Long Short Term Memory (LSTM)

astonzhang · June 29, 2020, 10:01pm

https://d2l.ai/chapter_recurrent-modern/lstm.html

rohitatp · September 20, 2020, 11:45am

Please add tensorflow implementation.

Yuzhi · October 16, 2020, 7:10am

请问沐神，我自己构建了一个模型，但是进行梯度裁剪的时候，报错是 param.grad is NoneType 是为什么呢

StevenJokess · October 17, 2020, 3:02am

post in English and all your code next time…
It is hard to understand what you are running.
@Yuzhi

Youarerare · November 28, 2020, 11:54am

How to understand LSTMs are the prototypical latent variable autoregressive model with nontrivial state control?
The sentence is in the fourth line above 9.2.4 Summary

six · March 4, 2021, 3:48pm

I’ll try and break it down a bit:

prototypical ~= first
latent variable ~= hidden variable
autoregressive ~= depends on its own previous values
nontrivial ~= non-simple
state control ~= LSTMs use a gating system to control the hidden state. A vanilla RNN doesn’t have any gating controls.
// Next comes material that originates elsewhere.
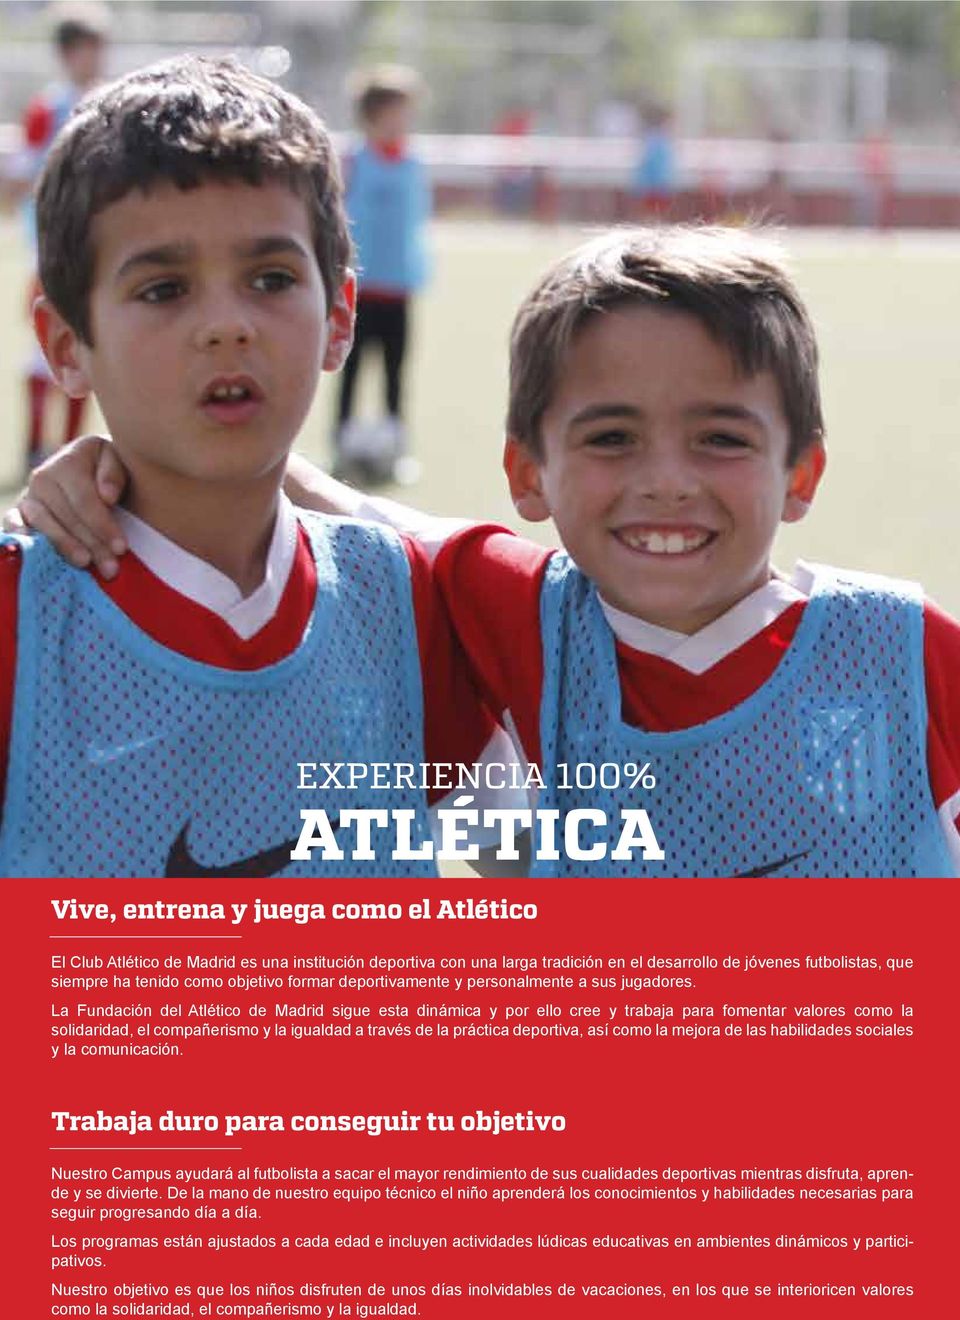 La Fundación del Atlético de Madrid sigue esta dinámica y por ello cree y trabaja para fomentar valores como la solidaridad, el compañerismo y la igualdad a través de la práctica deportiva, así como

LSTM gating is more complex than GRU gating.

Hope this helps!

Felipe · March 27, 2022, 10:28am

Could you provide an explanation why LSTM networks don’t suffer (or at least suffer less) from vanishing gradient problem ?
I understand the idea with gates and how we can control the information flow thanks to it, but still I feel that the problem with gradients may still occur… After all, it’s a recurrent computation so maybe there still is the factor with many matrix multiplications ( I mean W^t)